Insecure Storage of Access Tokens

Introduction

Access tokens are used in OAuth 2.0 to grant clients access to protected resources. If these tokens are not stored securely, they can be intercepted or stolen by malicious actors, leading to unauthorized access to user data. Proper storage mechanisms are essential to ensure the security of these tokens.

Here is a comprehensive example of how to use Spring Security, OAuth 2.0, and HashiCorp Vault to build a secure application that protects and manages access tokens.

Detailed Steps and Java Coding

1. Use Secure Storage Mechanisms

Tokens should be stored in a secure manner. In Java, you can use secure libraries to handle token storage. For example, you can use the Java Cryptography Architecture (JCA) to encrypt tokens before storing them.

2. Example Code: Encrypting and Storing Tokens Securely

Let's see how to encrypt and store access tokens securely using JCA and HashiCorp Vault.

Dependencies

Ensure you have the required dependencies in your pom.xml:

<dependency>
    <groupId>org.springframework.boot</groupId>
    <artifactId>spring-boot-starter-security</artifactId>
</dependency>
<dependency>
    <groupId>org.springframework.boot</groupId>
    <artifactId>spring-boot-starter-oauth2-client</artifactId>
</dependency>
<dependency>
    <groupId>org.springframework.vault</groupId>
    <artifactId>spring-vault-core</artifactId>
</dependency>
<dependency>
    <groupId>org.springframework.vault</groupId>
    <artifactId>spring-vault-config</artifactId>
</dependency>
<dependency>
    <groupId>org.springframework.boot</groupId>
    <artifactId>spring-boot-starter-web</artifactId>
</dependency>

Configuration

1. Configure Spring Security for OAuth 2.0

Create a SecurityConfig class to configure Spring Security for OAuth 2.0.

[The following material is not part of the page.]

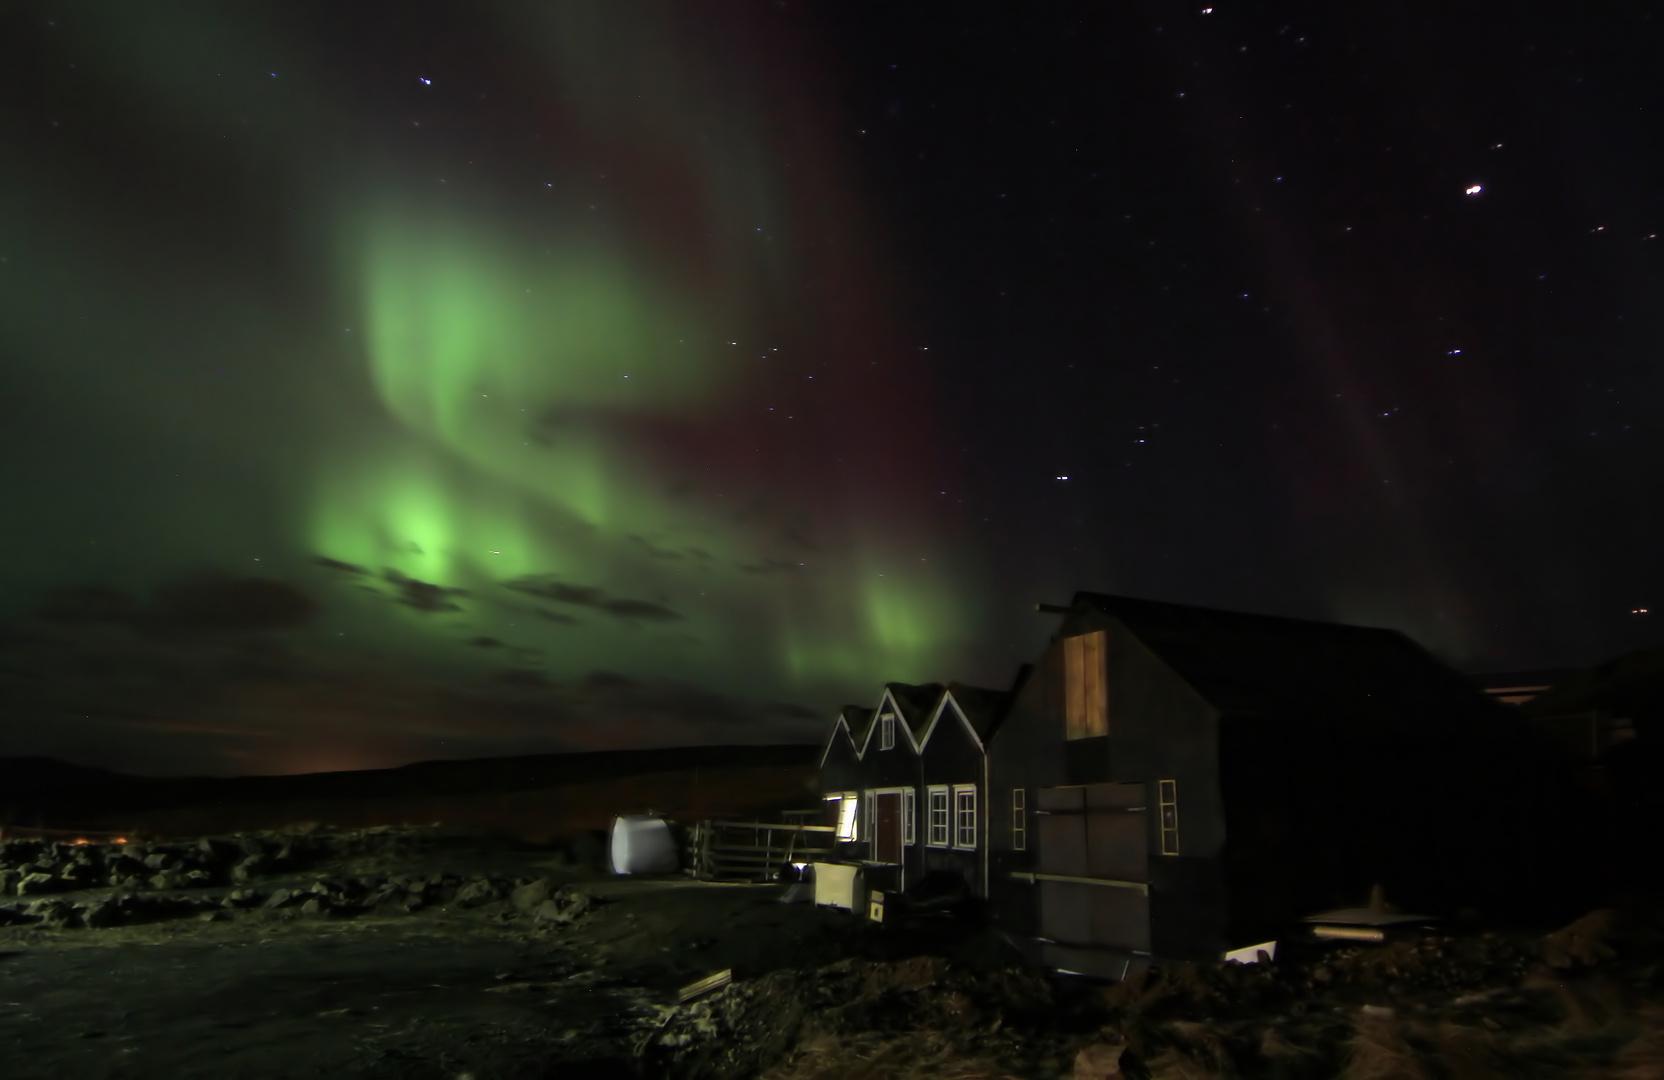 ~Aurora borealis~

import org.springframework.context.annotation.Configuration;
import org.springframework.security.config.annotation.web.builders.HttpSecurity;
import org.springframework.security.config.annotation.web.configuration.EnableWebSecurity;
import org.springframework.security.config.annotation.web.configuration.WebSecurityConfigurerAdapter;
import org.springframework.security.oauth2.client.oidc.userinfo.OidcUserService;

@Configuration
@EnableWebSecurity
public class SecurityConfig extends WebSecurityConfigurerAdapter {

    @Override
    protected void configure(HttpSecurity http) throws Exception {
        http
            .authorizeRequests(authorizeRequests ->
                authorizeRequests
                    .antMatchers("/", "/error").permitAll()
                    .anyRequest().authenticated()
            )
            .oauth2Login(oauth2Login ->
                oauth2Login
                    .userInfoEndpoint(userInfoEndpoint ->
                        userInfoEndpoint.oidcUserService(new OidcUserService())
                    )
            );
    }
}

2. Configure HashiCorp Vault

Configure Spring Vault to connect to your HashiCorp Vault instance.

spring:
  vault:
    uri: http://localhost:8200
    token: s.your_vault_token_here

Token Encryption and Storage

3. Create a Service to Interact with Vault

This service will be used to store and retrieve encrypted tokens.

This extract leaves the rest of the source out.